When we chose to form this Coalition Government, Liberal Democrats knew that we would have to fix some big problems – the economy; the benefits system; the gap between the richest and poorest in our society.

And we’ve done a lot in a short space of time, to stop the economy falling off a cliff; to cut taxes for working people; to make sure work always pays; and to tackle the lack of social mobility in our country.

As I said in my Conference speech, we are doing these things not because they are easy, but because they are right. We chose to govern in the national interest and we will continue to do so.

But we haven’t done enough to help those young people who leave school and find there are no jobs, no opportunities and very little hope.

Today we are changing that. We won’t allow the children brought up in the boom to bear the brunt of the bust. We won’t sit on our hands and let a generation fall behind.

We are offering young people a new deal and we are putting our money where our mouth is – nearly a billion pounds in total.

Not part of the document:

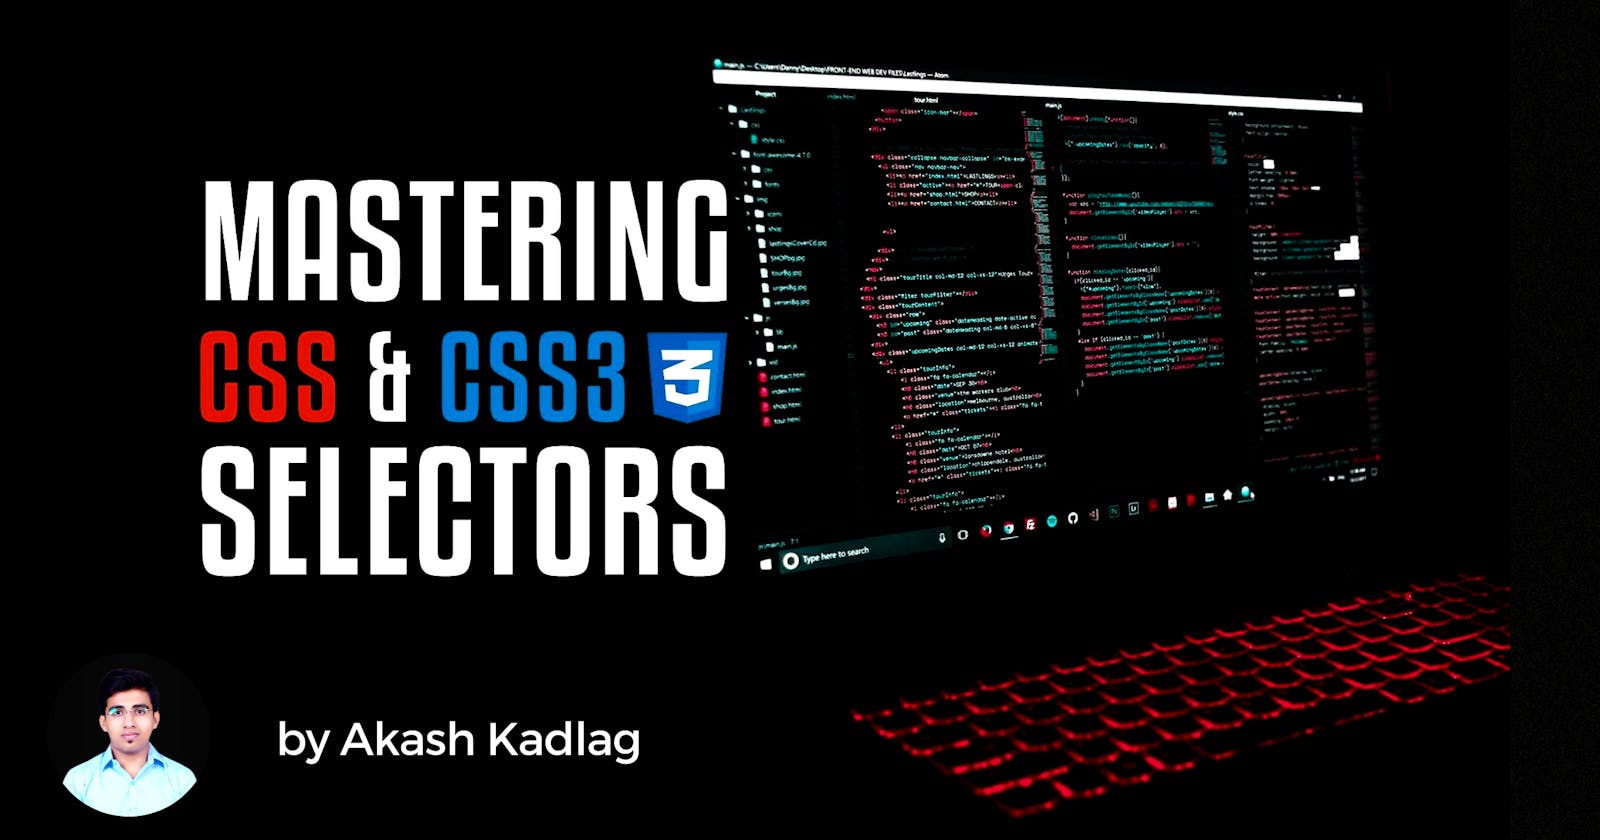 Mastering CSS & CSS3 Selectors in 2022.
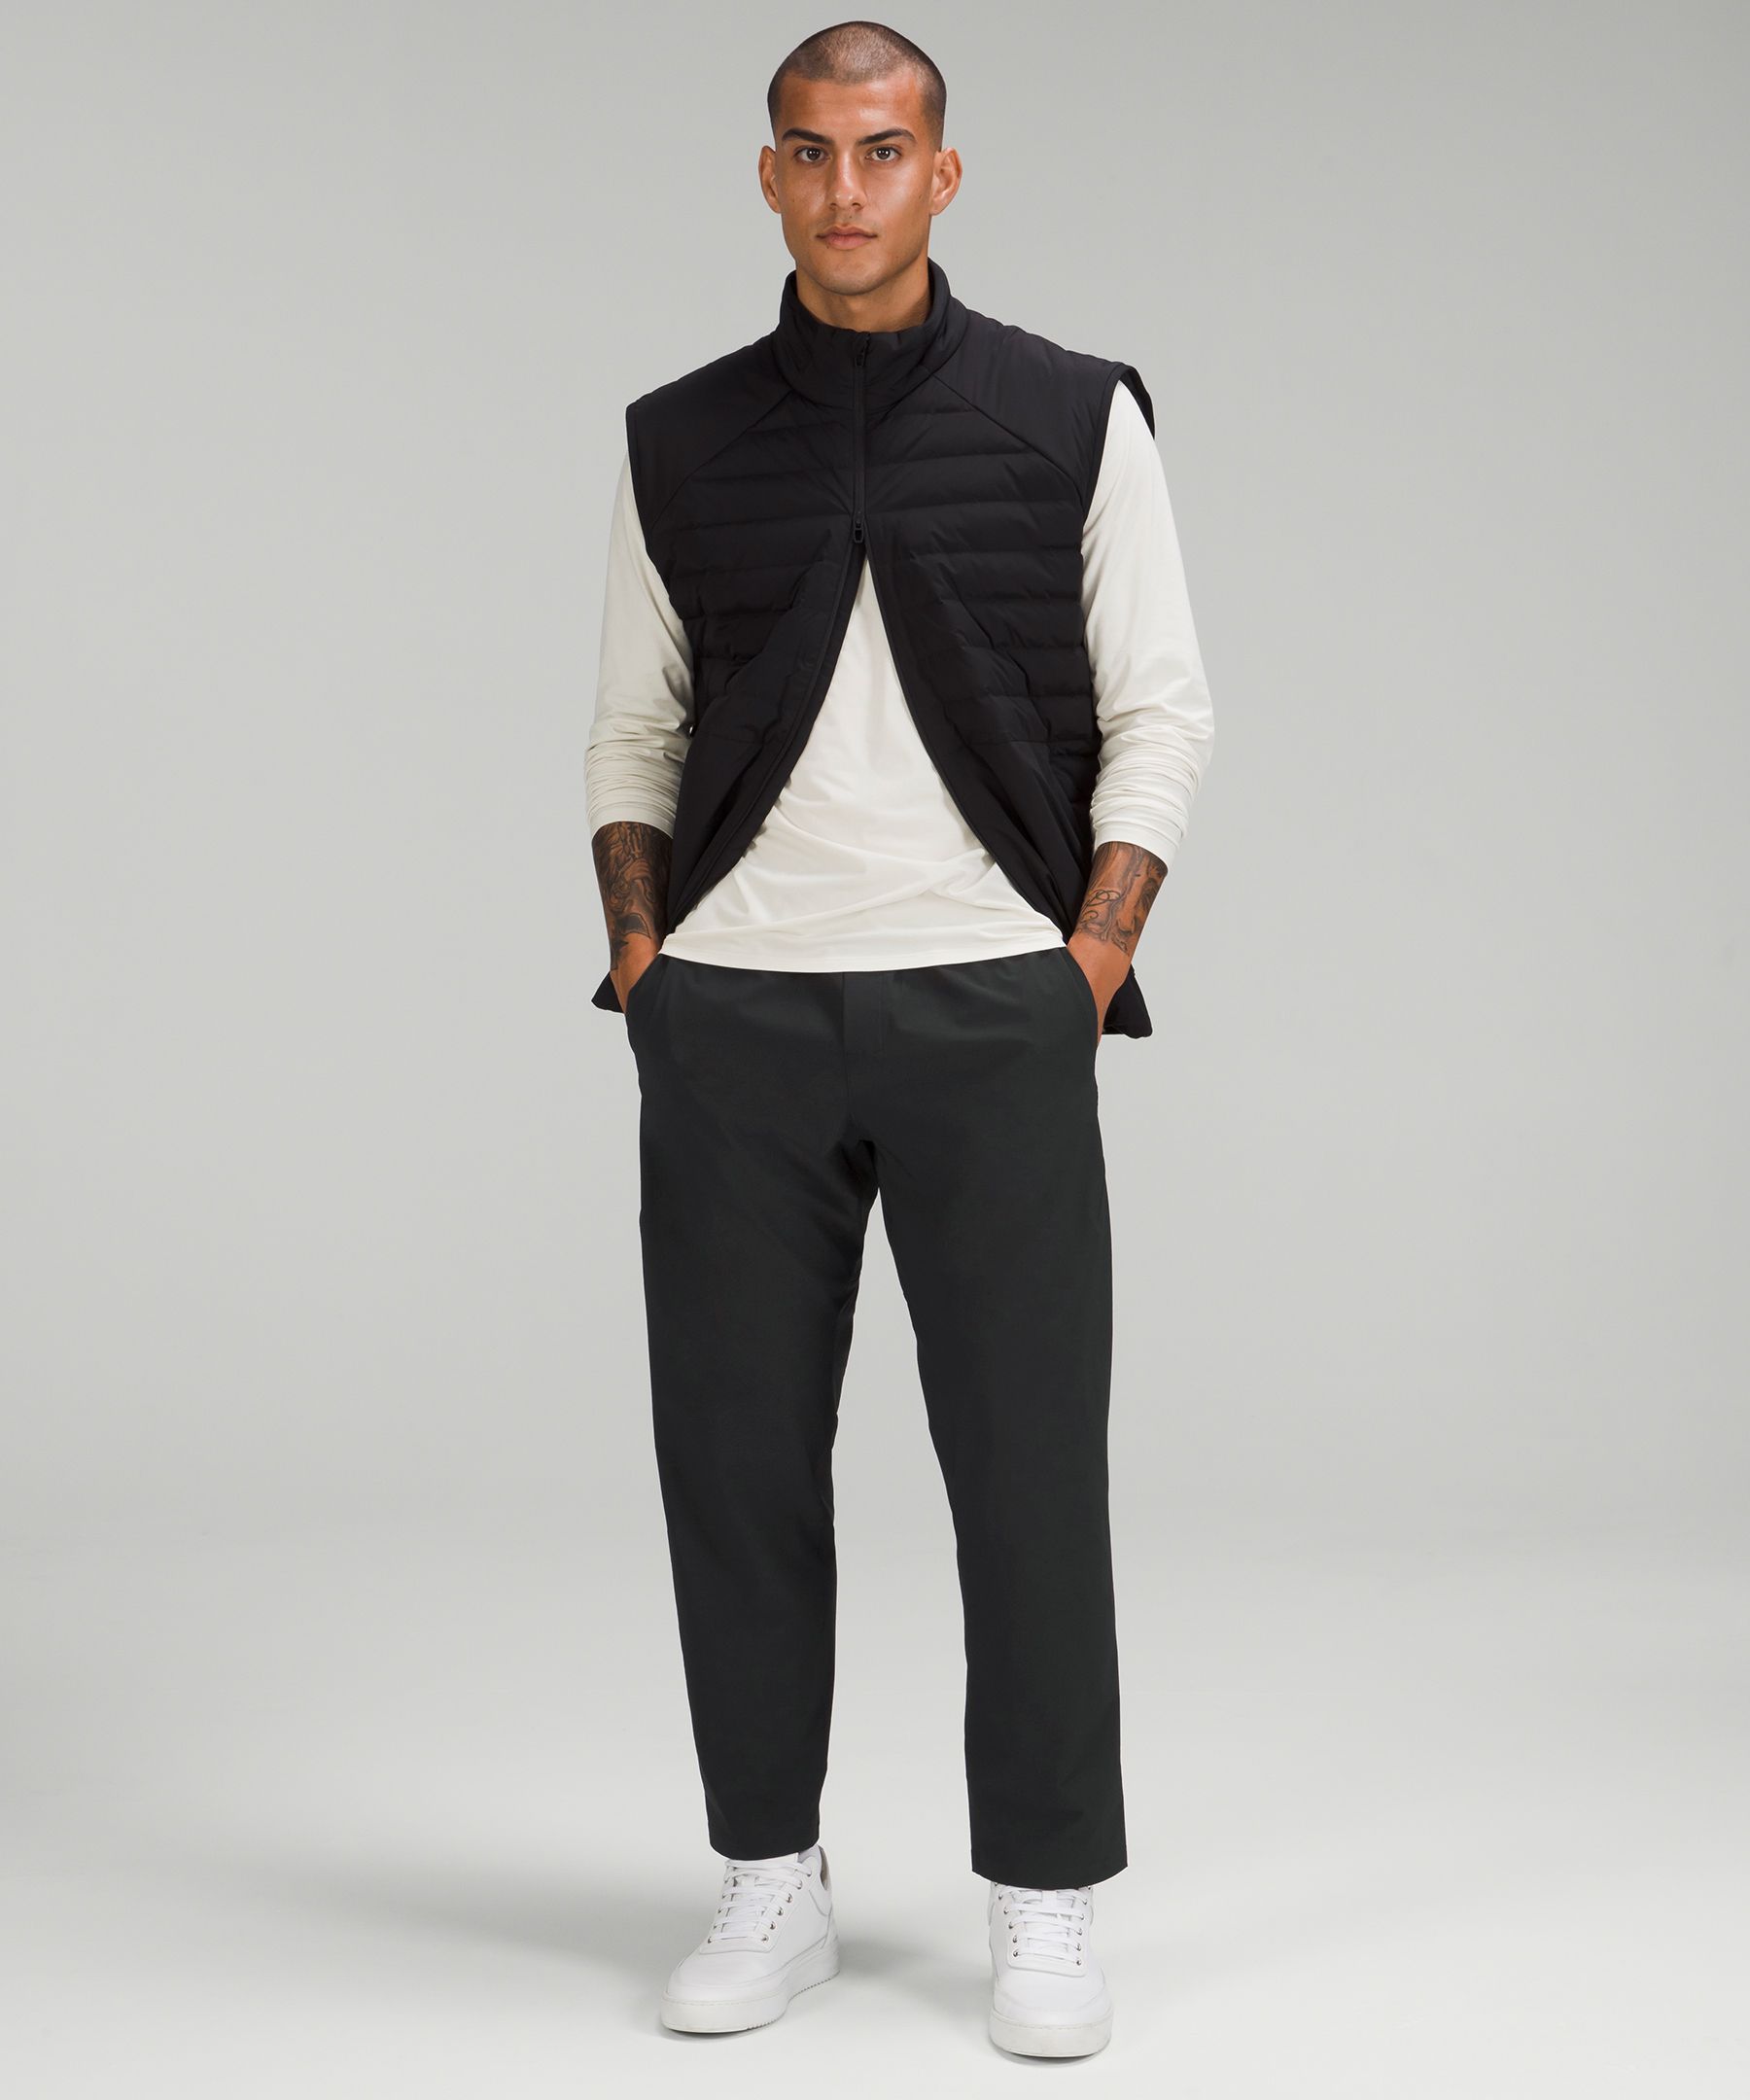 Relaxed Fit Pant | Men's What's New | Lululemon HK

The Youth Contract I am announcing today is to get every unemployed young person working or learning again before long-term damage is done.

The offer includes:

  • At least 410,000 new work places for 18 to 24 year olds into work over three years, starting next April.
  • 160,000 wage subsidies worth half the youth minimum wage – £2,275 – for six months, available to those who need the most help after three months and to all young people who have been on Jobseeker’s Allowance after nine months.
  • 250,000 new work experience placements lasting up to eight weeks.
  • At least 20,000 more incentive payments to encourage employers to take on young apprentices.
  • All 18 to 24 year olds will receive extra support from JobCentre Plus after they have been on Jobseeker’s Allowance for three months.
  • A new £50m programme to help the most disengaged 16 and 17 year olds – getting them back to school or college, onto an apprenticeship or into a job with training.

We know that being cut adrift at the crucial point when you enter the employment market can have a scarring effect. Long periods out of work now can leave young people facing lower wages for the next two decades.

But young people have to meet us halfway. If you break your side of the bargain, don’t just expect to live your life on benefits. It’s a contract, a two-way street: if you sign up for the job, there will be no signing on for the dole. You have to stick with it.

Liberal Democrats did not create the conditions that have left so many young people in limbo – Labour left us not only with a devastated economy but a situation where youth unemployment had been steadily rising every year since long before the financial crash – but it falls to us to put it right.

Everybody knows there is very little money to go around and that means we have to spend what we have as wisely as possible.

I believe that investing in giving young people a chance to find their feet in the world of work, giving them vital experience, confidence and hope, is the right thing to do.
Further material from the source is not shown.